## Data extracts

********

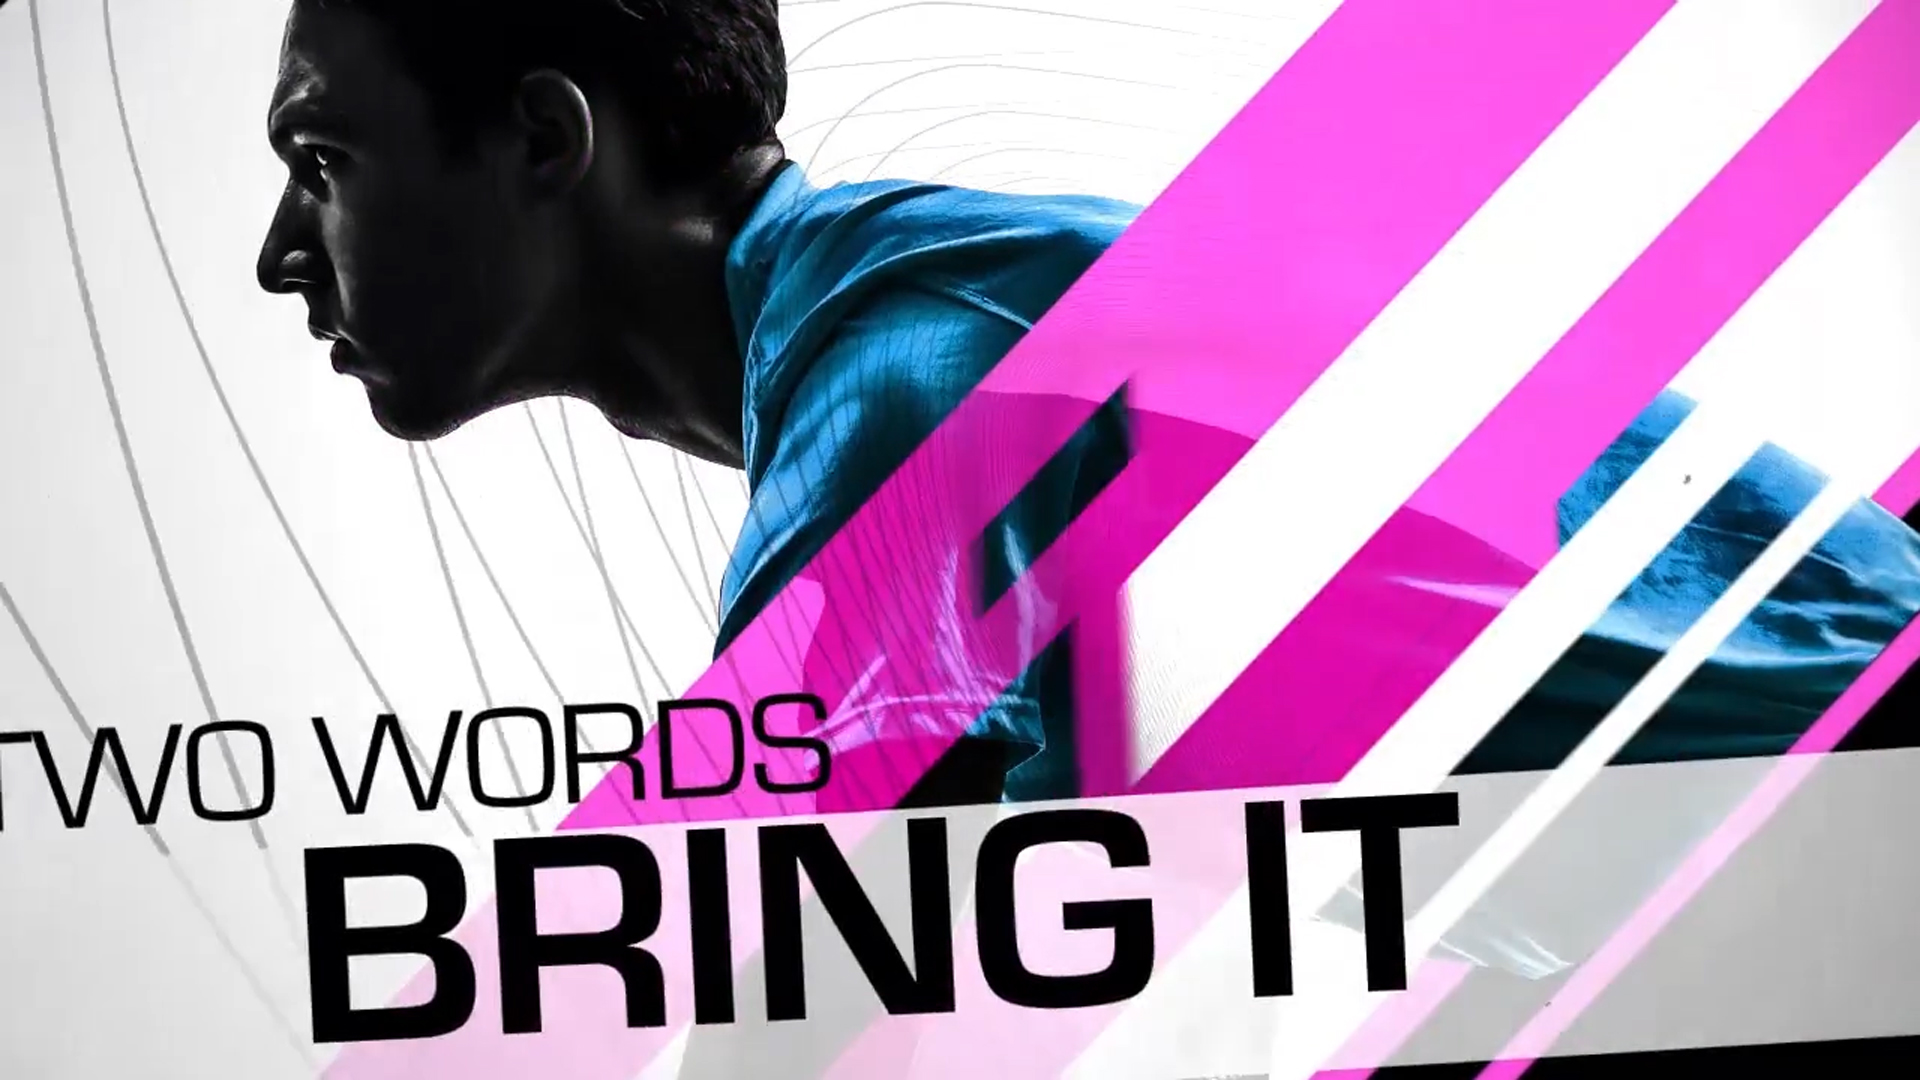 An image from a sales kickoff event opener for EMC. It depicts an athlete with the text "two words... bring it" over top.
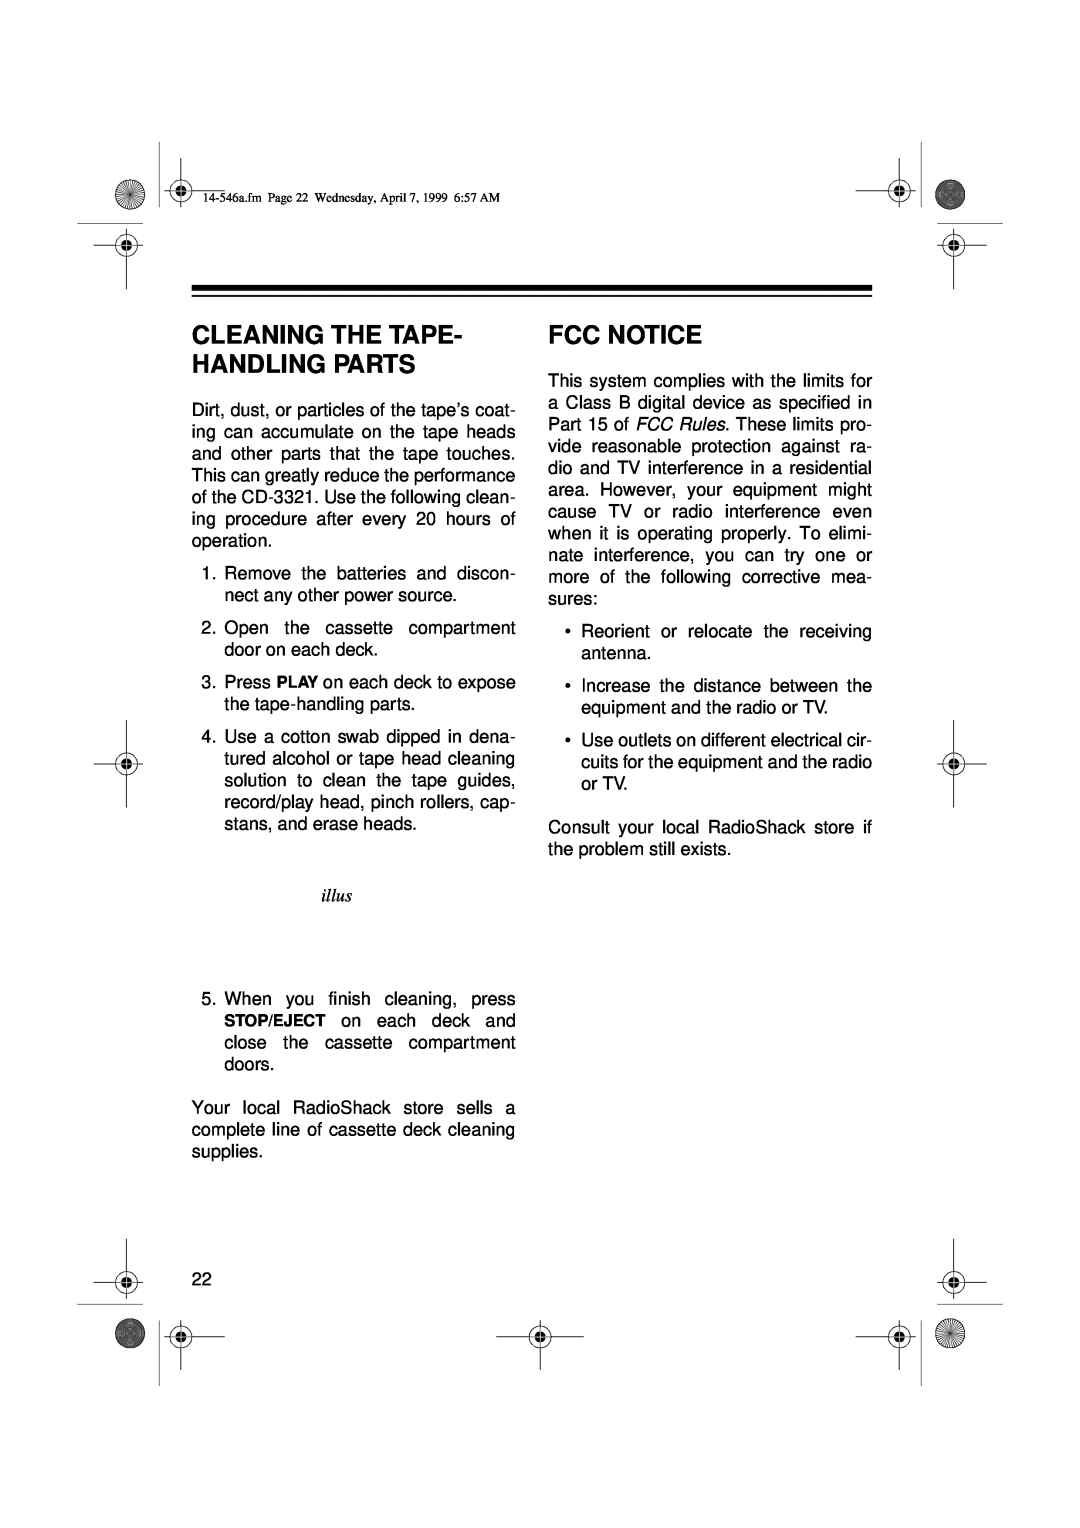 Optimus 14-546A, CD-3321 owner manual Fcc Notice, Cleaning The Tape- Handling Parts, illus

********

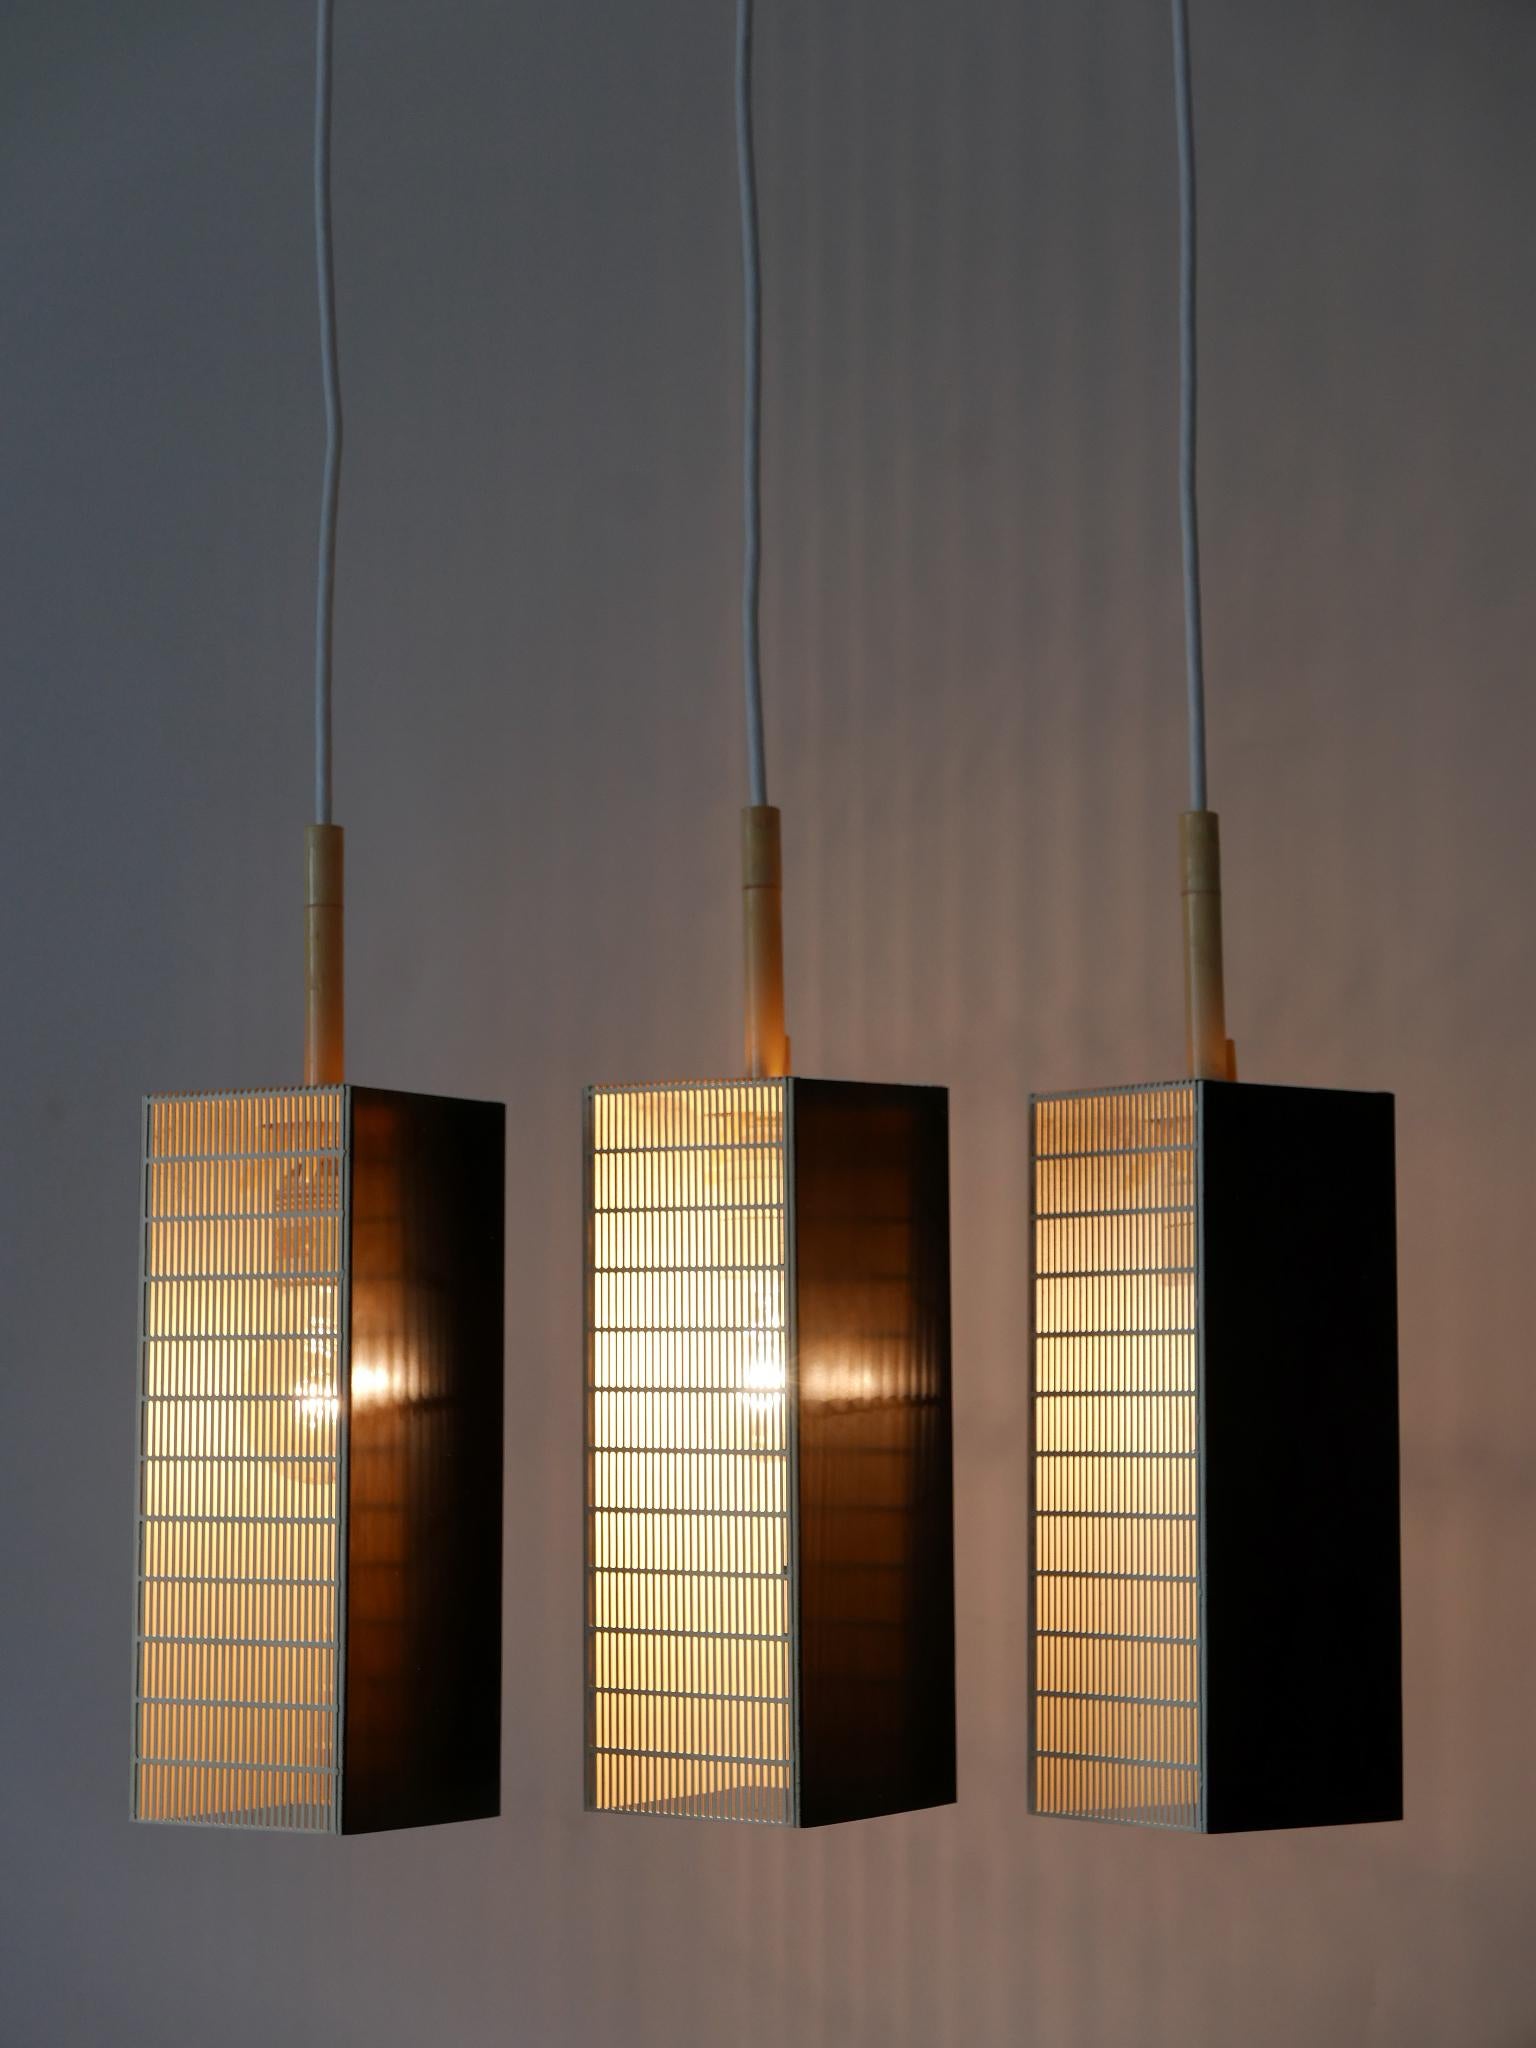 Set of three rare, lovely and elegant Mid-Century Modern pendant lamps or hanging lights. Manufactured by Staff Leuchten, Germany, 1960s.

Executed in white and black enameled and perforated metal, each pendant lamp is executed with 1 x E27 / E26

********

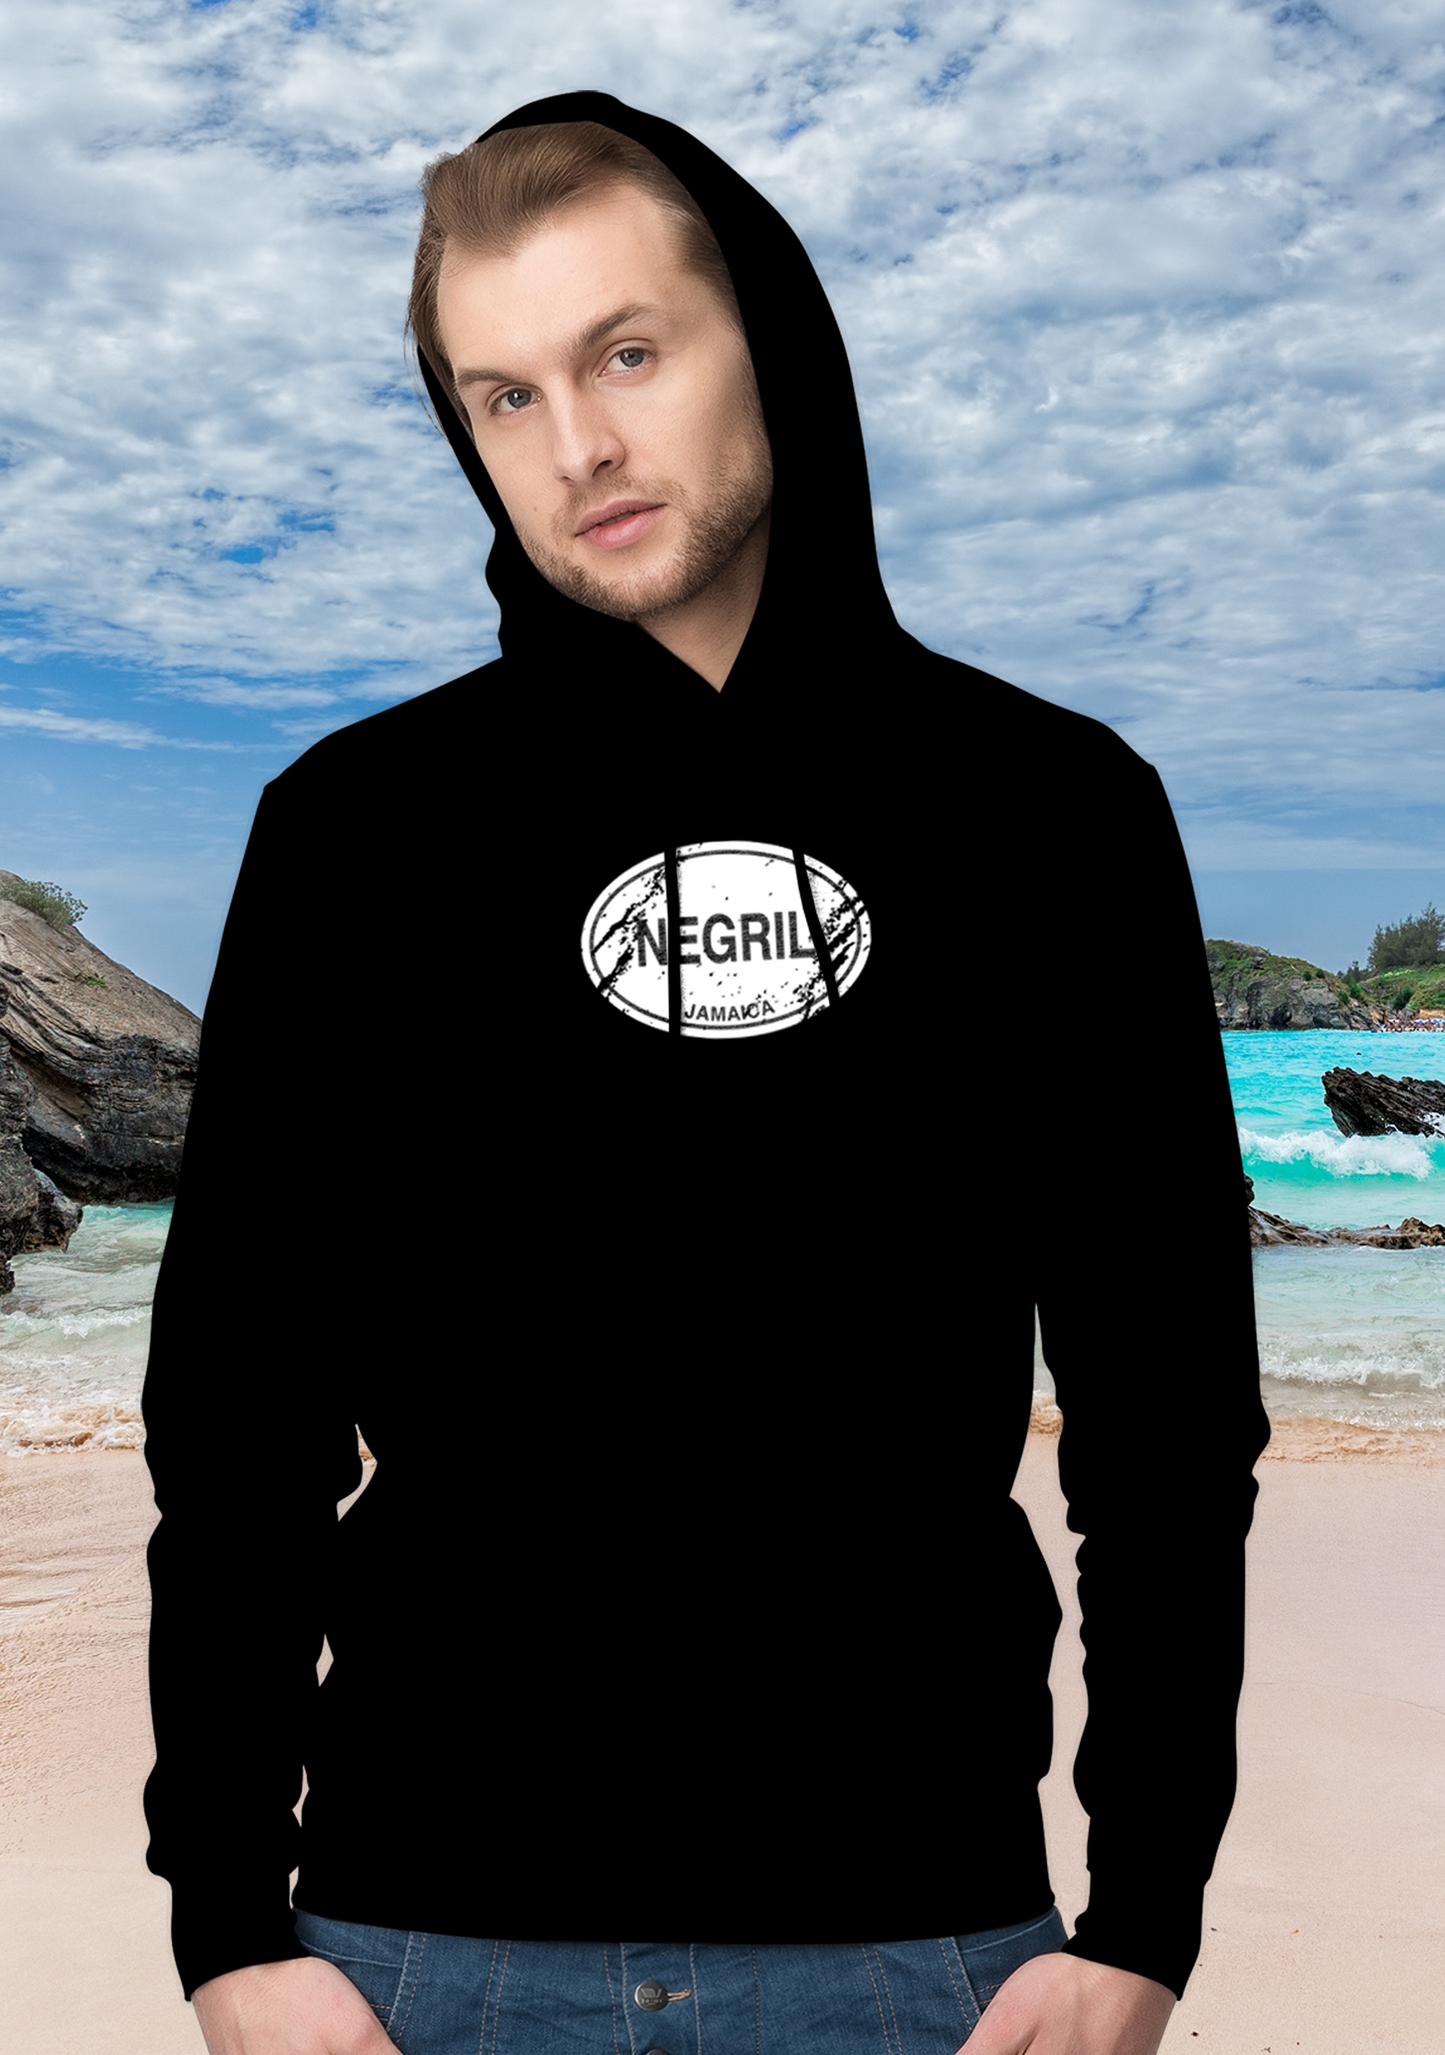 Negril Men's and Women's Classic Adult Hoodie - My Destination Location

********

## Work order
Exactly the lines above, from the one containing "Set of three" down to the one containing "Executed in white", are to be repeated, including both ends. Pictures are not part of the copy.

## Exercise solution
 Set of three rare, lovely and elegant Mid-Century Modern pendant lamps or hanging lights. Manufactured by Staff Leuchten, Germany, 1960s.

Executed in white and black enameled and perforated metal, each pendant lamp is executed with 1 x E27 / E26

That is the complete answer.